## WHAT NEEDS TO BE DONE
Before you return the lines below, strip out any images and keep every word as written.

## GIVEN DATA
----------------

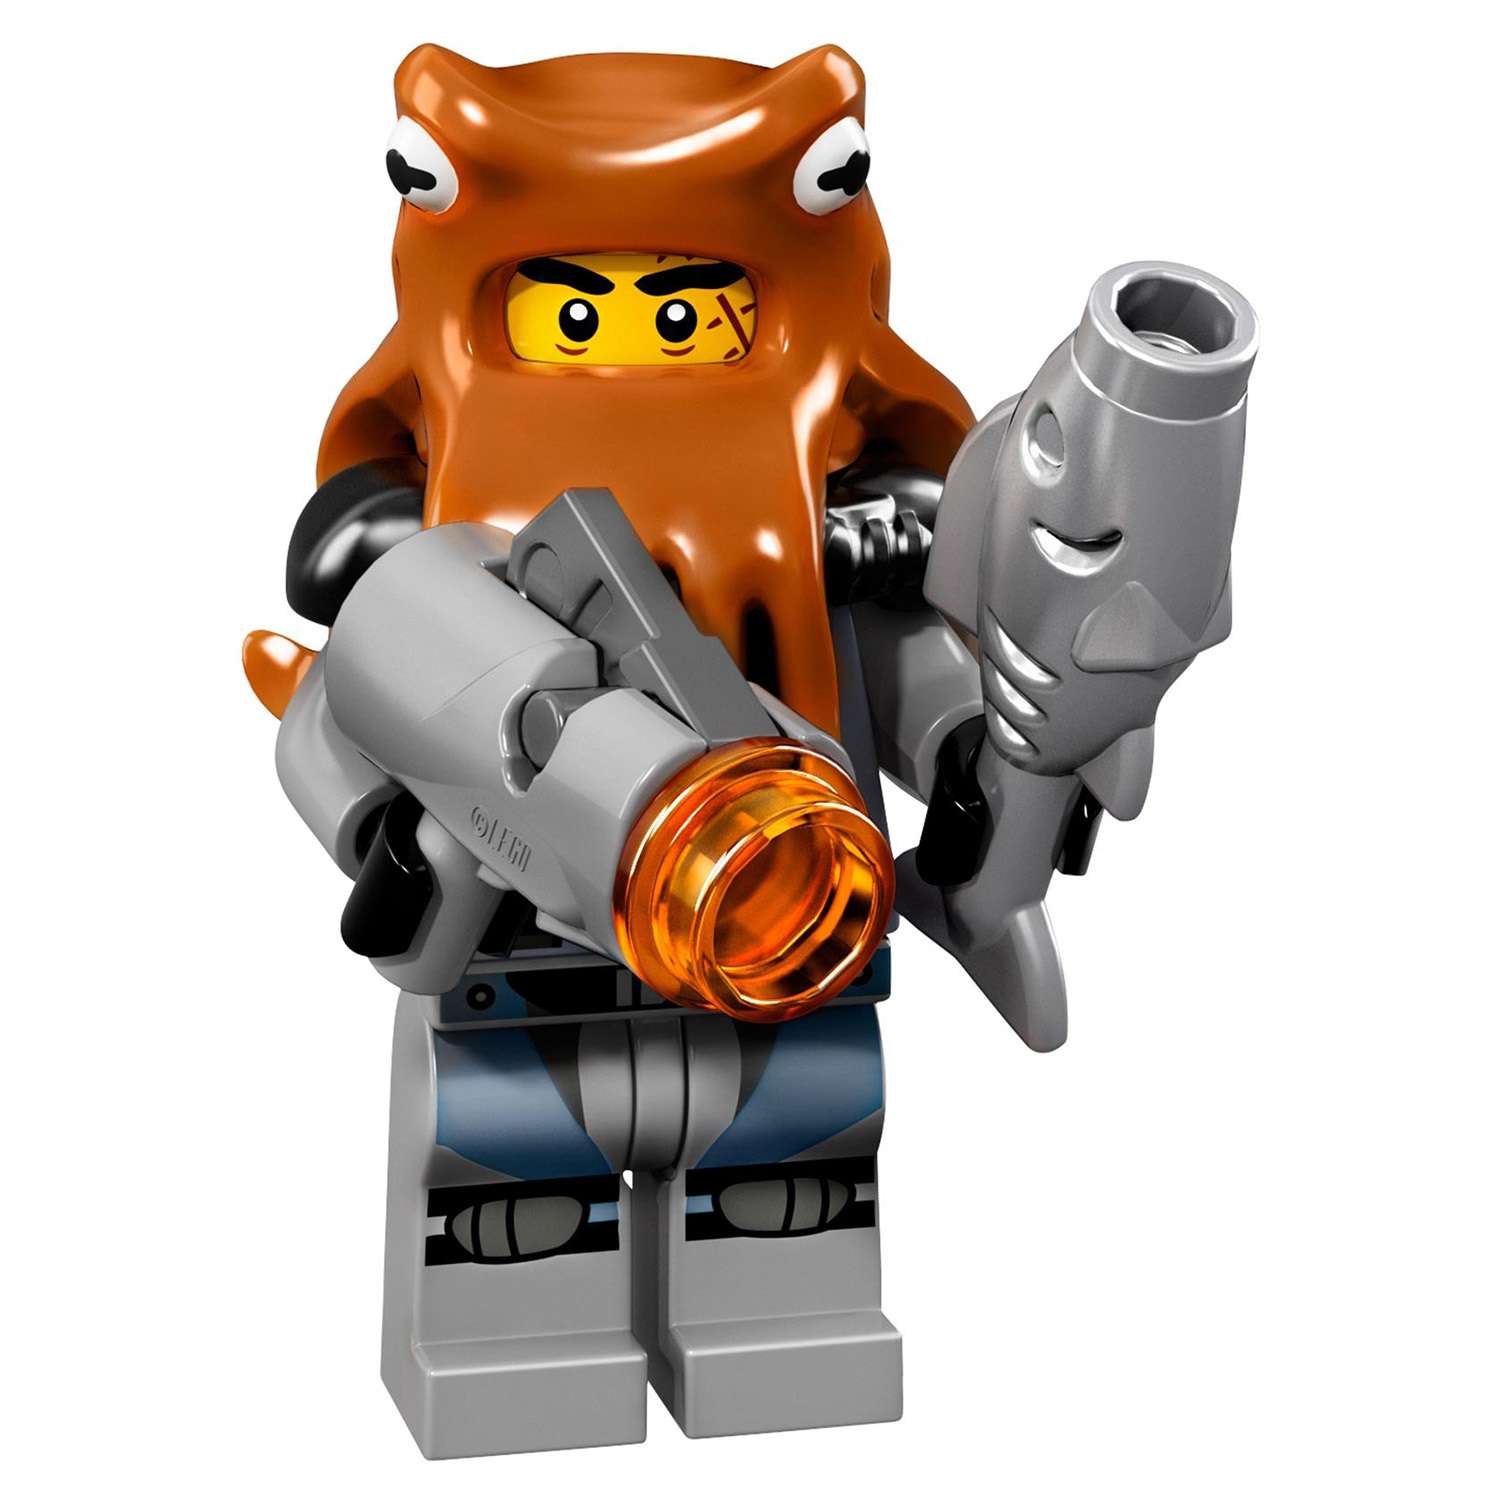 Конструктор LEGO Minifigures Минифигурки ФИЛЬМ: НИНДЗЯГО (71019) в ассортименте - фото 27
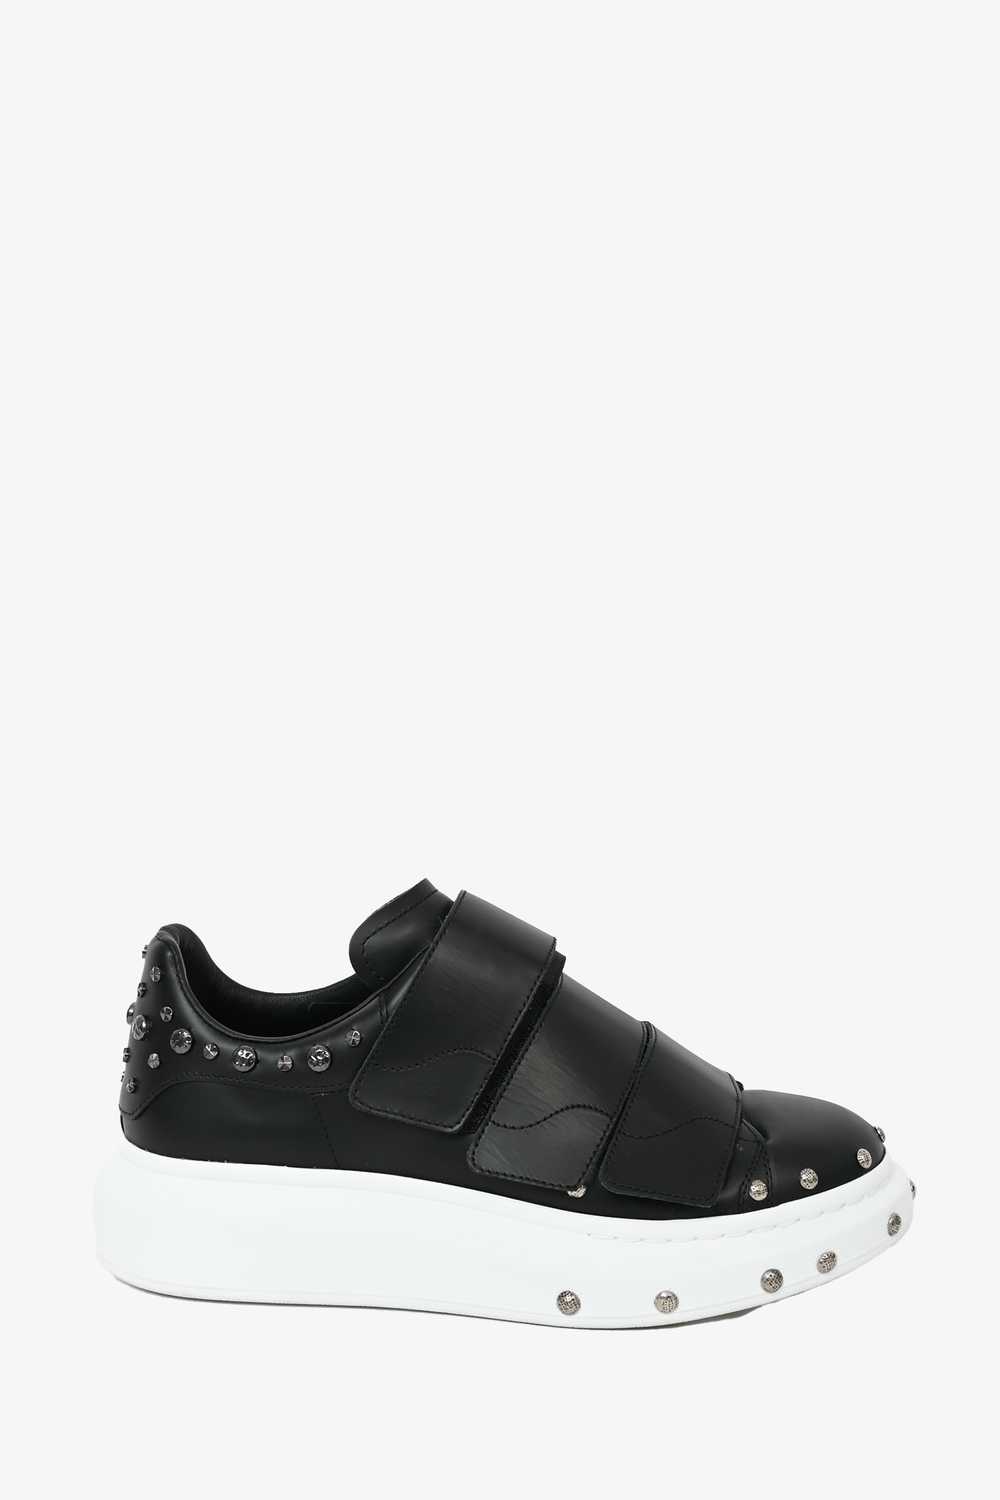 Alexander McQueen Black Leather Velcro Sneakers S… - image 1
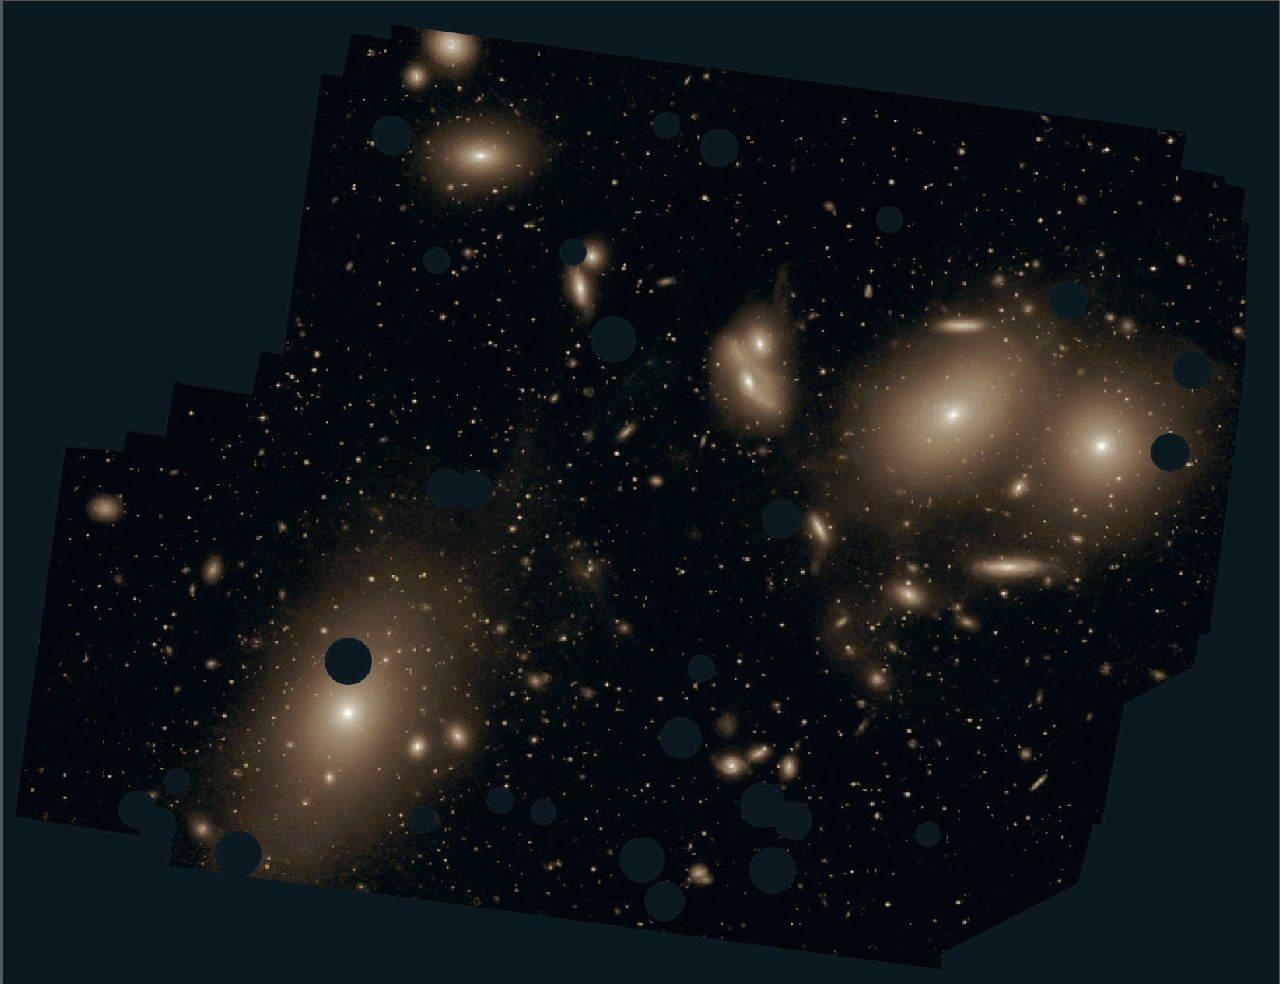  来自欧洲南方天文台的处女座星系团的深度照片黑点是由从图片中消除前景耀眼的恒星造成的

----------------

## SOLUTION FOR THIS PROBLEM
 Конструктор LEGO Minifigures Минифигурки ФИЛЬМ: НИНДЗЯГО (71019) в ассортименте - фото 27
 Alexander McQueen Black Leather Velcro Sneakers S… - image 1
  来自欧洲南方天文台的处女座星系团的深度照片黑点是由从图片中消除前景耀眼的恒星造成的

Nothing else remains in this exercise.